Using the data below, print exactly the line with "CDPHP Bike Rentals", the line with "グリル Fits 2013-2017", and every line between them, but none of the pictures.

DATA TO EXAMINE:
+---+

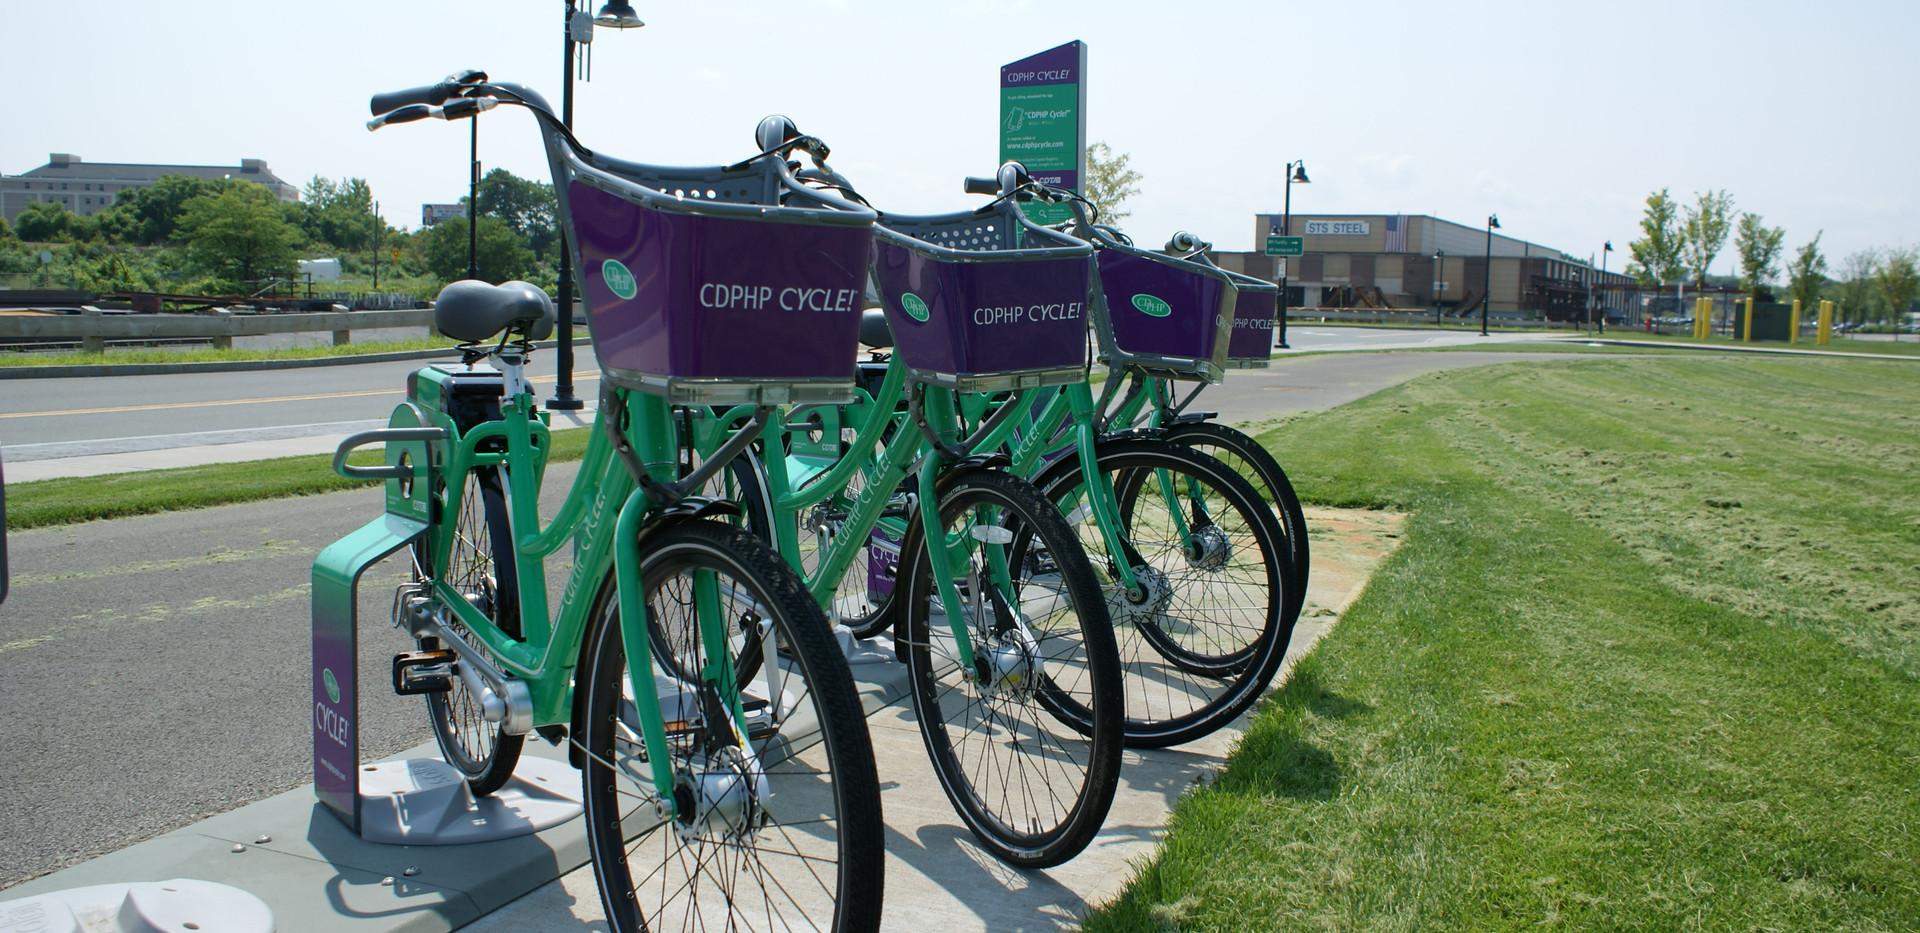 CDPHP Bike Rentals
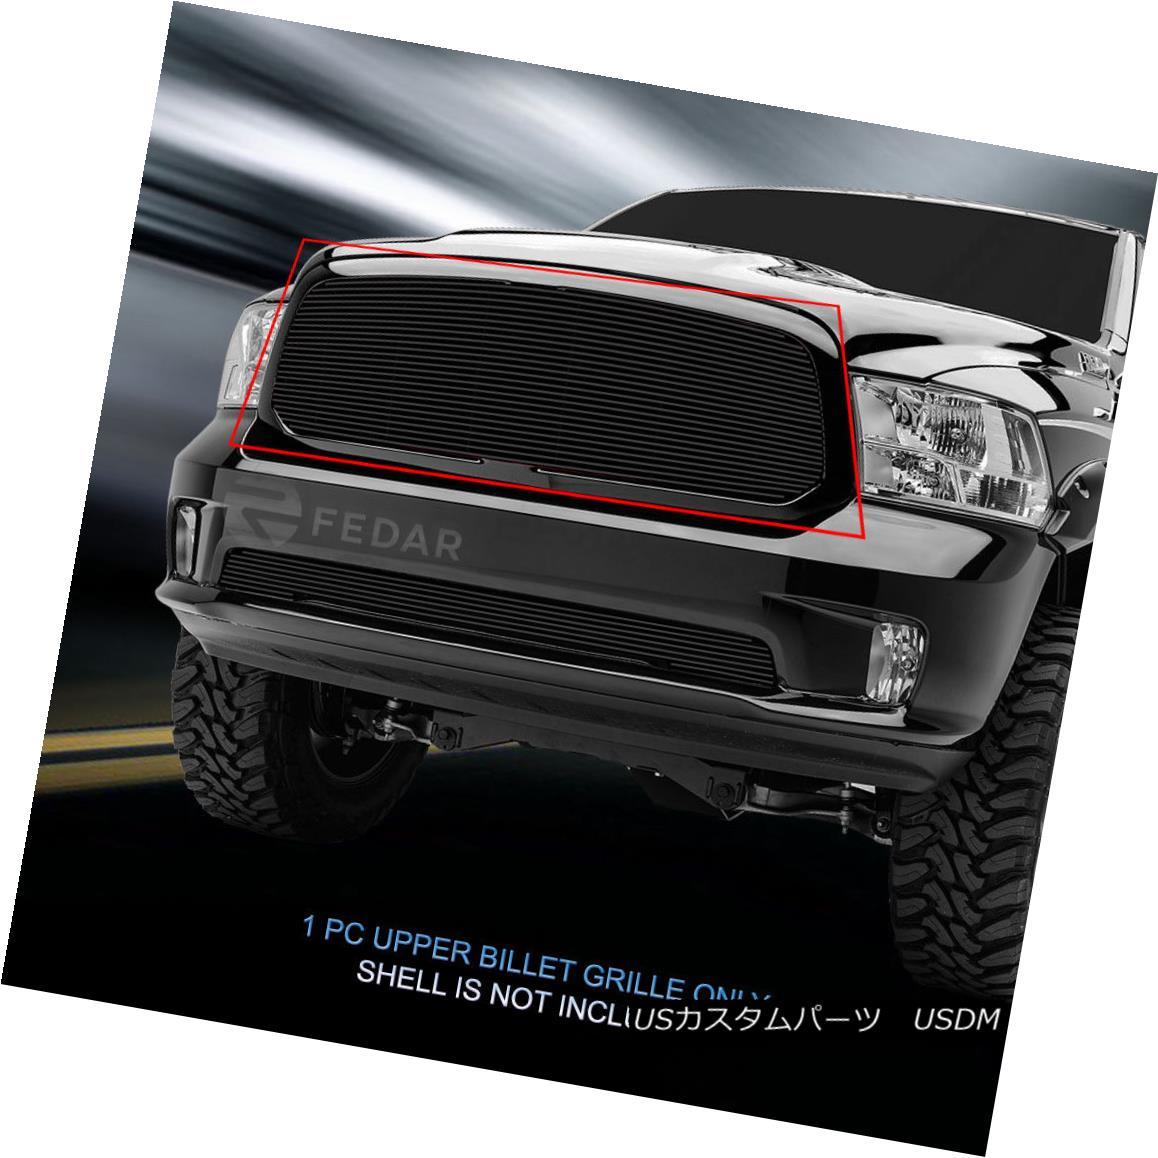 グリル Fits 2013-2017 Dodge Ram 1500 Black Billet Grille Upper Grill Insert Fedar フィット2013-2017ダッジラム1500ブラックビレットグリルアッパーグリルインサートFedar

+---+

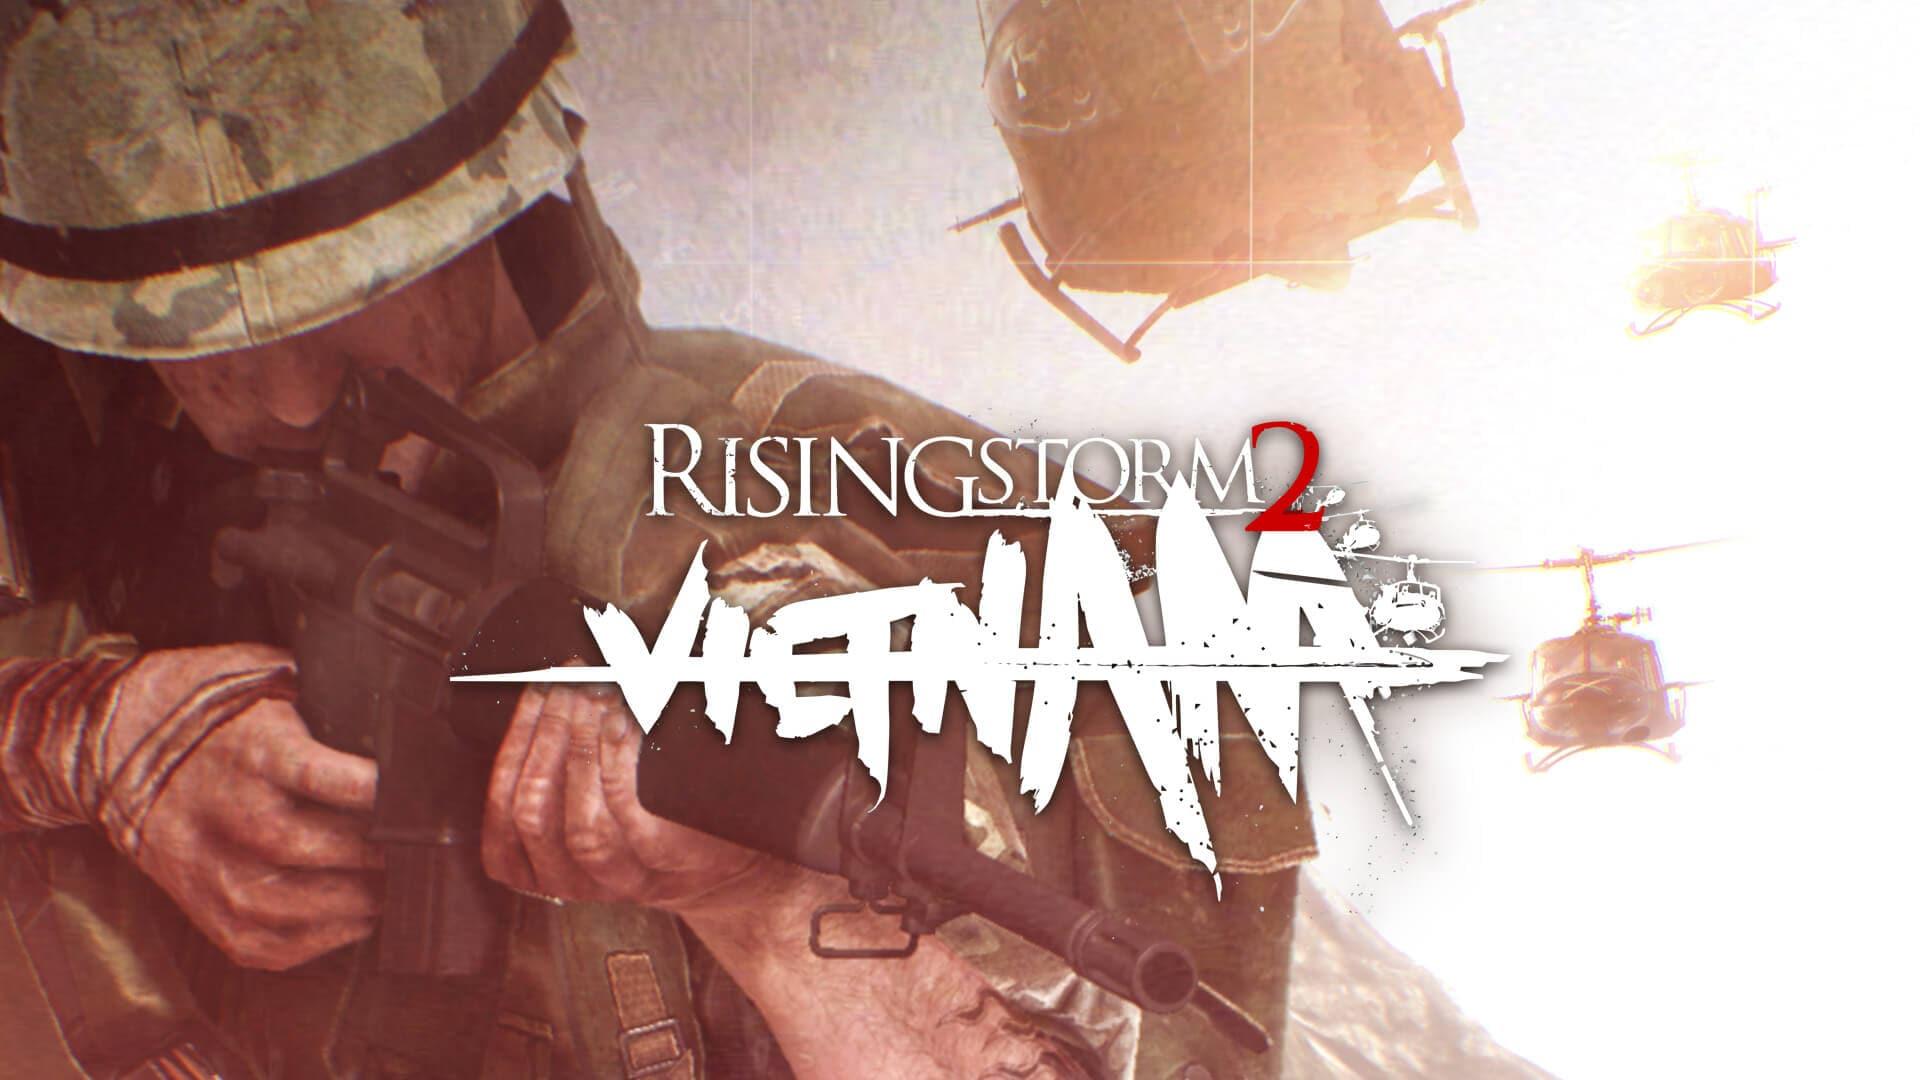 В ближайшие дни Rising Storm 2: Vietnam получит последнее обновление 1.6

+---+

TASK SOLUTION:
 CDPHP Bike Rentals
 グリル Fits 2013-2017 Dodge Ram 1500 Black Billet Grille Upper Grill Insert Fedar フィット2013-2017ダッジラム1500ブラックビレットグリルアッパーグリルインサートFedar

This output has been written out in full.